Patient 6: Positive (3+) HER2 IHC on a breast core biopsy at an outside laboratory. Negative (1+) HER2 IHC on a skin punch biopsy at UNC. HER2 FISH on a post-treatment breast specimen was equivocal and reflexed to alternative probe testing.

2

Patients 7, 10, 40: Original results were reported prior to implementation of 2013 Guidelines. Equivocal based on 2007 Guidelines and classified as amplified by 2013 Guidelines.

3

Patient 9: Absent CEP17 signals in tumor cells; disomic hybridization pattern for CEP17 in adjacent normal tissue. CEP17 and HER2:CEP17 could not be reported (NR) for this specimen.

4

Patient 20: Prior negative (1+) IHC and equivocal HER2 FISH at an outside laboratory. Repeat HER2 FISH at UNC was equivocal, prompting alternative probe testing.

5

Patient 24: Amplified HER2 FISH at an outside institution based on HER2 copy number (mean HER2 6.4, mean CEP17 4.7) and an equivocal HERmark result. Alternative probe testing was performed at our institution to exclude co-amplification

6

For patients with more than one specimen tested with alternative chromosome 17 probes, hormone receptor studies were not repeated on the subsequent specimens (i.e., NR).

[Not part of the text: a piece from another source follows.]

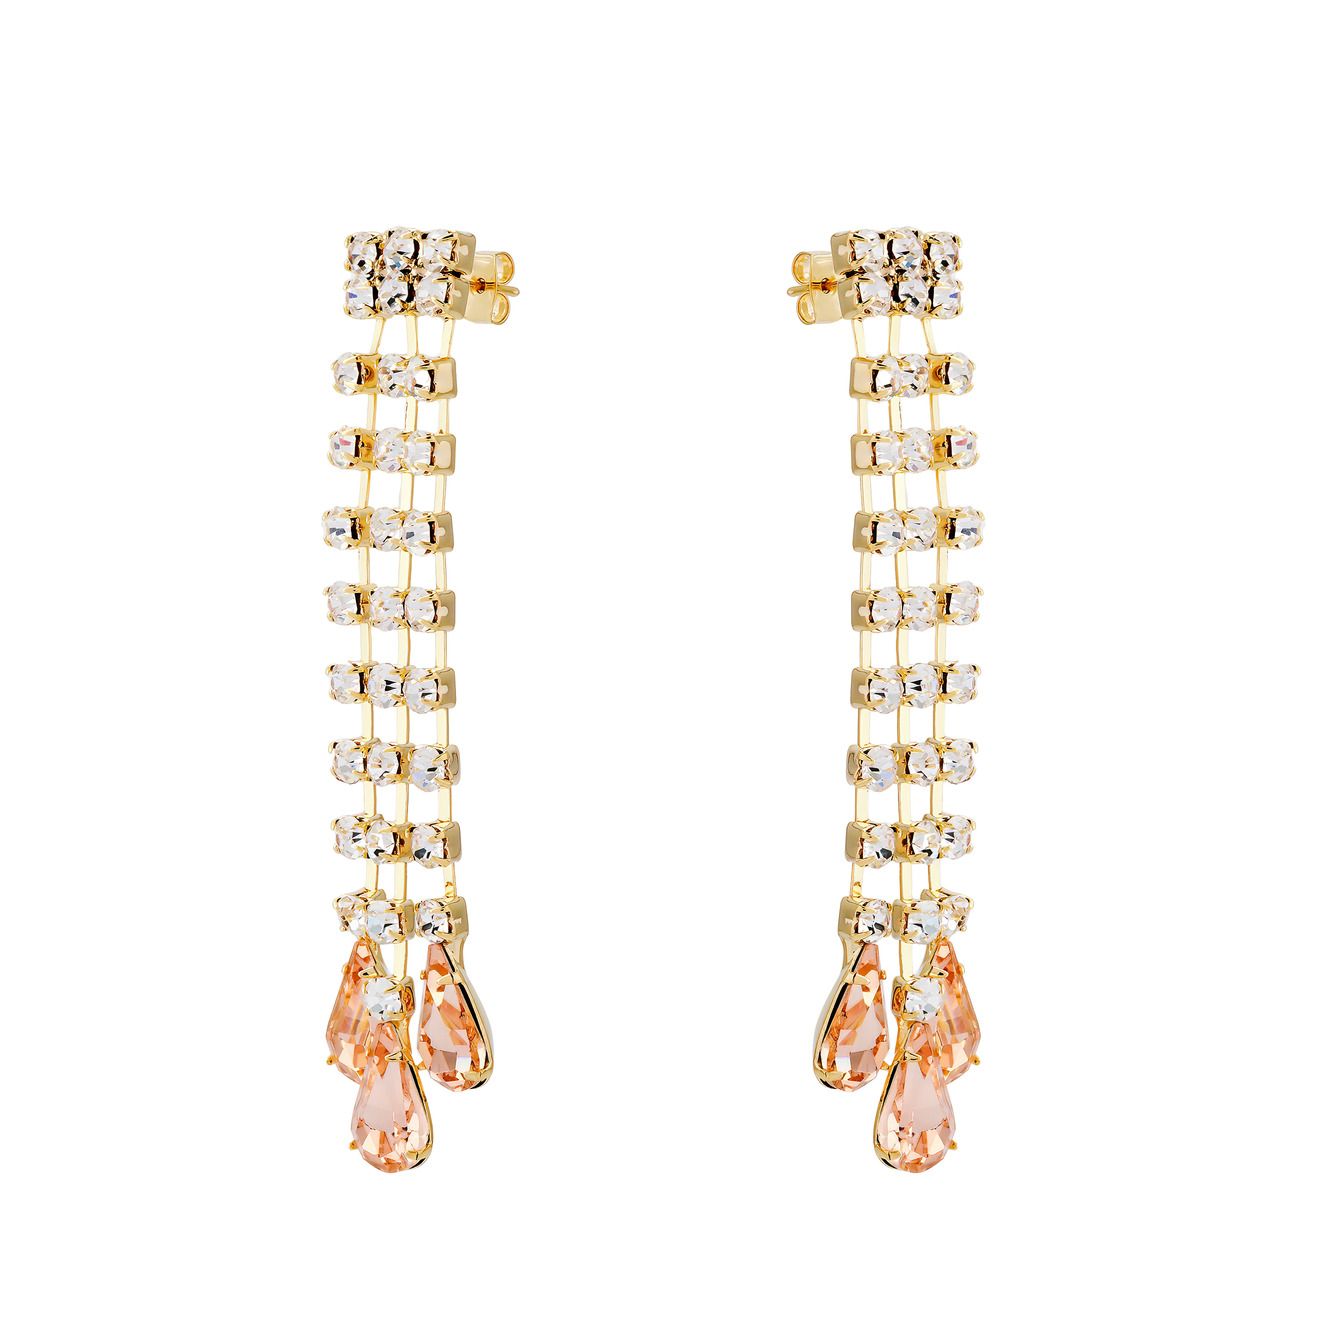 Herald Percy Золотистые серьги-дождики с дорожками из кристаллов и розовыми каплями

Abbreviations: Pt, patient; IHC, Immunohistochemistry; CEP17, chromosome 17 centromere enumerator probe; HER2, human epidermal growth factor receptor 2; ER, estrogen recepror; PR, progesterone receptor; Avg, Average; RARA, retinoic acid receptor-α; LIS1, lissencephaly gene; Exc, Excision; Met, Metastasis; NR, Not performed/not reported.

Figure 1:

Figure 1:

Schematic of Chromosome 17 and Associated Probe Locations. Pictured are the probe locations for the human epidermal growth factor receptor-2 (HER2), chromosome 17 centromere enumerator (CEP17; D17Z1), lissencephaly (LIS1), and retinoic acid receptor-α (RARA) loci.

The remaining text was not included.